**Question:** 17-OH progesterone level in congenital adrenal hyperplasia in a 1-year-old child (in ng/dl)

**Core Concept:**
Congenital adrenal hyperplasia (CAH) is a group of autosomal recessive genetic disorders affecting the adrenal glands. In these conditions, the adrenal glands produce increased amounts of androgens and cortisol due to deficient action of specific enzymes involved in cortisol and aldosterone biosynthesis. 17-hydroxyprogesterone (17-OHP) is a hormone that can be measured to diagnose and monitor CAH.

**Why the Correct Answer is Right:**
In a 1-year-old child with suspected CAH, a raised 17-OHP level indicates impaired 21-hydroxylase enzyme function, as this enzyme is involved in cortisol biosynthesis and is deficient in CAH. A level of 17-OHP greater than 10 ng/dL is considered diagnostic for CAH. In this case, the correct answer is **D**, as the 17-OHP level in a 1-year-old child with CAH would typically be elevated.

**Why Each Wrong Option is Incorrect:**

A. 17-OHP level is expected to be normal in a healthy 1-year-old child and can be influenced by various factors, making it unreliable as a diagnostic marker.

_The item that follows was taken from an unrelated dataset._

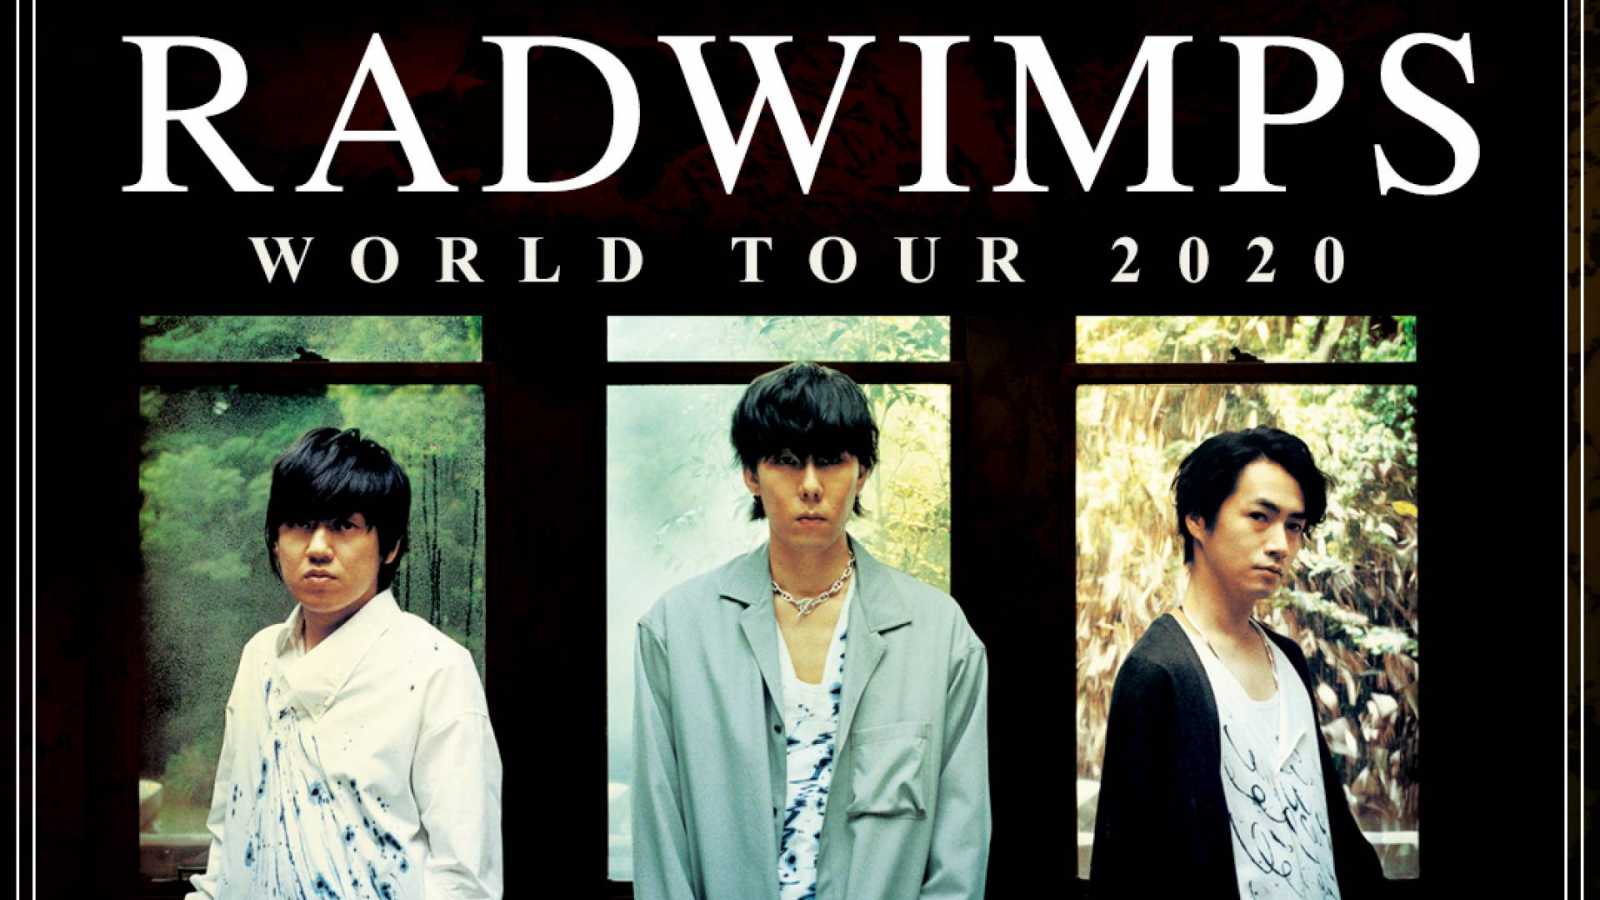 RADWIMPS annonce une tournée mondiale © UNIVERSAL MUSIC JAPAN

B. Although a raised 17-OHP level indicates CAH, the levels can be influenced by factors such as stress, illness, or medications, making it unreliable as a definitive diagnostic tool.

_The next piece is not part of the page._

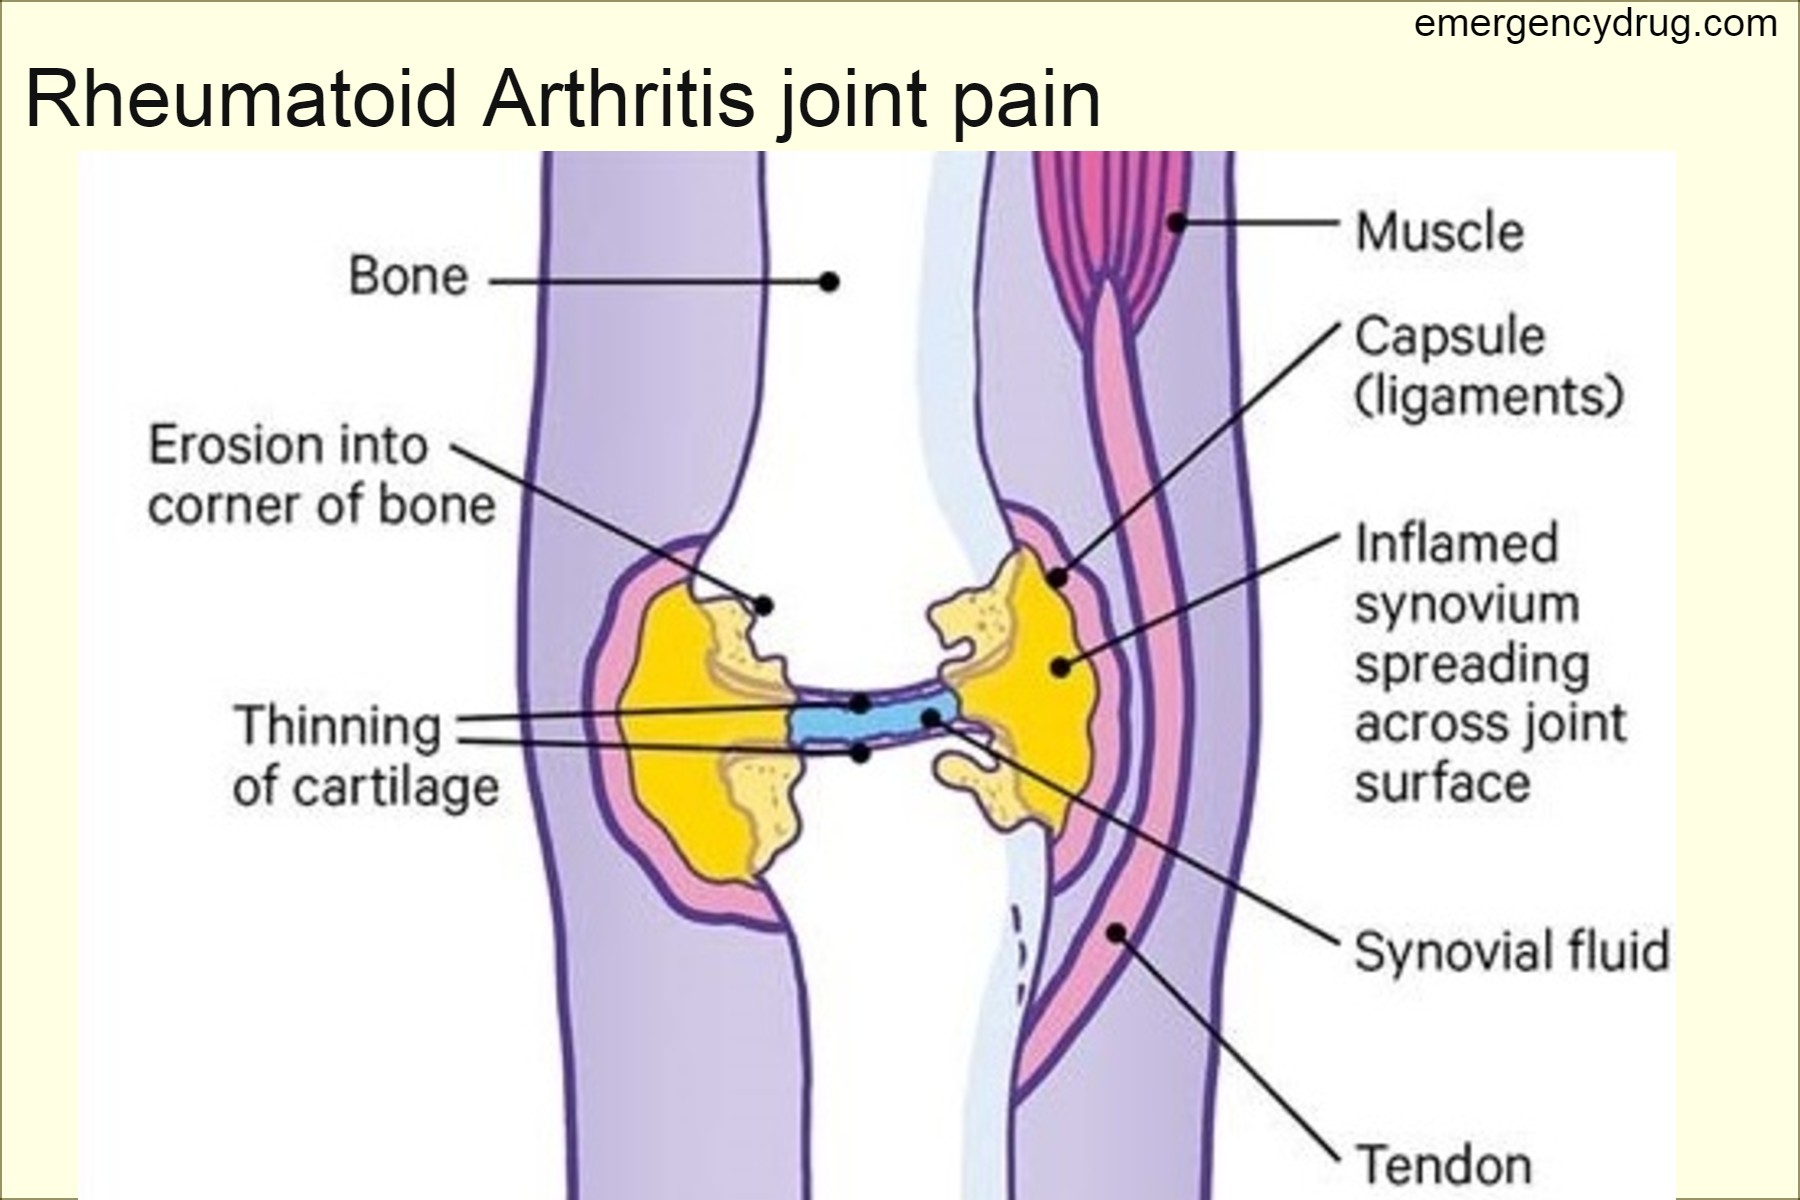 Rheumatoid Arthritis joint pain

C. A decreased level of 17-OHP is expected in a 1-year-old child with CAH, contradicting the typical finding of elevated levels in this condition.

**Clinical Pearl:**
The diagnosis of CAH in a 1-year-old child is based on a combination of clinical features, genetic testing, and hormonal profiles, including elevated 17-OHP levels. A single elevated 17-OHP level may not be definitive in making the diagnosis, as other factors can affect the hormone levels. Confirmation is usually achieved through genetic testing and clinical correlation, including the typical clinical features of CAH.